The straight-ahead side of Ode may be best represented by “Stan the Man”, a fast theme that starts with punched chords and then moves into a boppish theme stated by both hands playing together in octaves. Quick as can be, the band is off to the races, with Mehldau so lickety-split fast and clear that it is remarkable how coherent the thinking is amidst the improvisation. The chord changes he and Grenadier negotiate in their solos come right out of Tin Pan Alley, but they abstract them to create a thoroughly modern sound.

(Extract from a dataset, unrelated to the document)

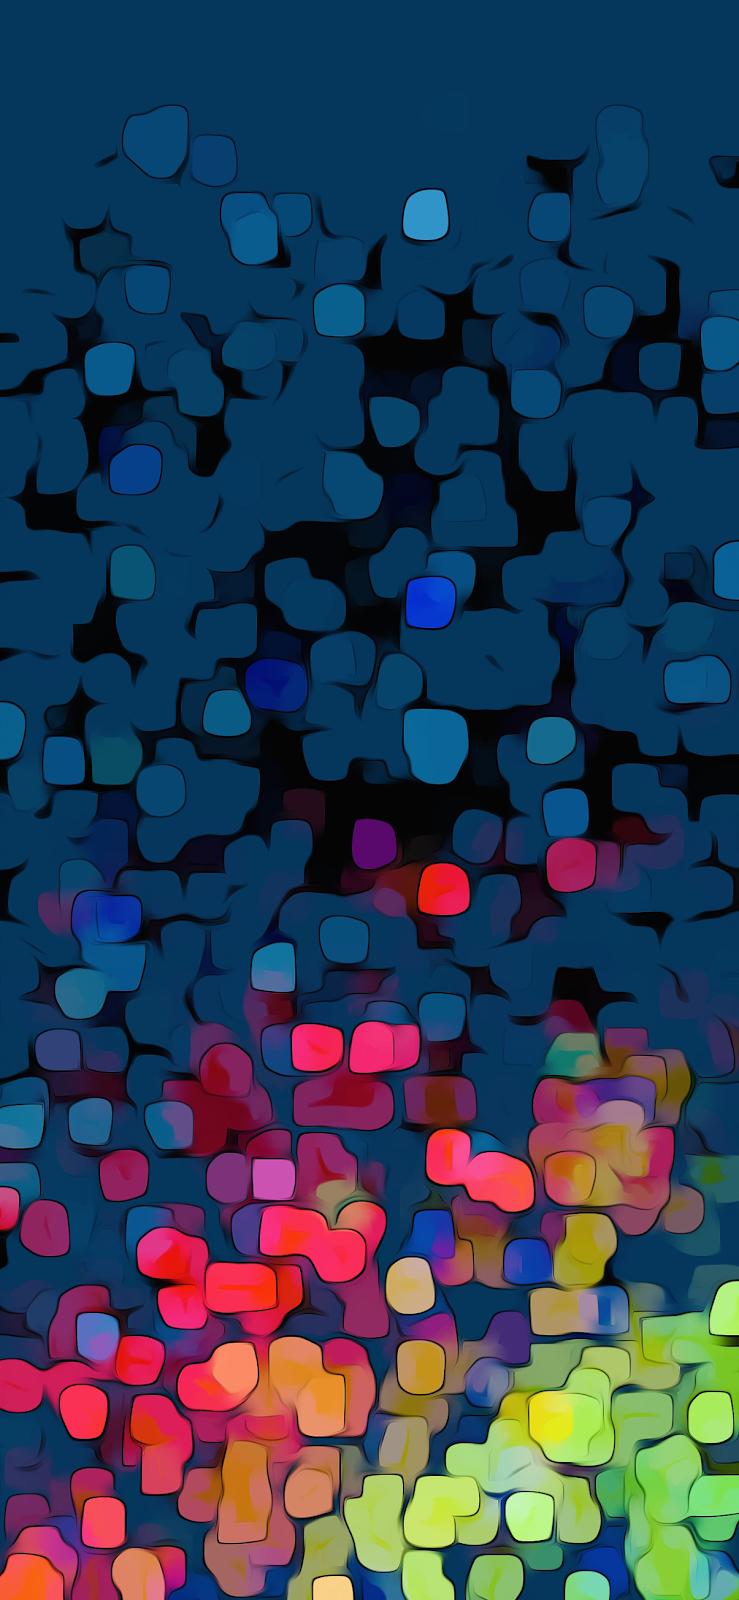 Fragments Iphone X Xs Xsmax Xr Wallpaper Iphone Android Background Followme Retina Wallpaper Abstract Iphone Wallpaper Samsung Wallpaper

But Ode has a more modern, and highly appealing, side as well. Several of Mehldau’s originals are pleasingly built around pulsing rhythmic patterns that move with great momentum. The title track, “Ode”, almost sounds like a Reich or Glass composition at first, built around thrumming eighth notes and a melody that passes from one register to another. “Twiggy” uses a syncopated pattern in triple meter that locks into a pseudo-samba groove from Ballard and a kalimba-type pattern from Grenadier. It’s a very dancing groove, and it lends itself to a delightful feeling of conversation, again, between the pianist’s two hands. As Mehldau’s improvising right hand spins candy in the upper registers, he keeps up a simple but evolving set of alternations in his left hand that get more daring over time. And “Aquaman” is another theme that rides atop a pulsing groove that shifts aptly into fast swing as the trio sees fit.

Ode has a down-home personality as well. “Bee Blues” is a cracked theme that ambles drunkenly over a hip set of blues harmonies. Grenadier takes the first solo, sounding like an old-fashioned player with nothing but pleasure on his mind, and then Mehldau fashions a solo that is filled with open space and is immune to cliché, a constant back-and-forth with Ballard, who is listening to every note and commenting with wit and clarity. “Kurt Vibe” uses a descending minor pattern over a clattered backbeat to set up a compelling combination of funk and harmonic movement.

Finally, Mehldau is still a strong ballad player and composer. “Wyatt’s Eulogy for George Hanson” is a stately and tempo-less theme that gives the trio a vast landscape for exploration, allowing for free improvisation from each player. Mehldau again uses both hands almost independently to create melodic tension and conversation that loops around and intersects with Grenadier’s own free-wheeling bass lines and Ballard’s daring mallet work. If a eulogy is a portrait of a life, a timeline perhaps, then this incredible improvisation fits perfectly, rising and falling like an epic film.

Ode itself does not reach for epic dimension often, and that’s cool. It seems less like a manifesto or a film than like a very fine jazz album. Though the leading jazz pianists today are making lots of impressive statements about where the music is going, maybe creating a compelling album, old school, is still one of the music’s clearest callings. Ode fits the bill.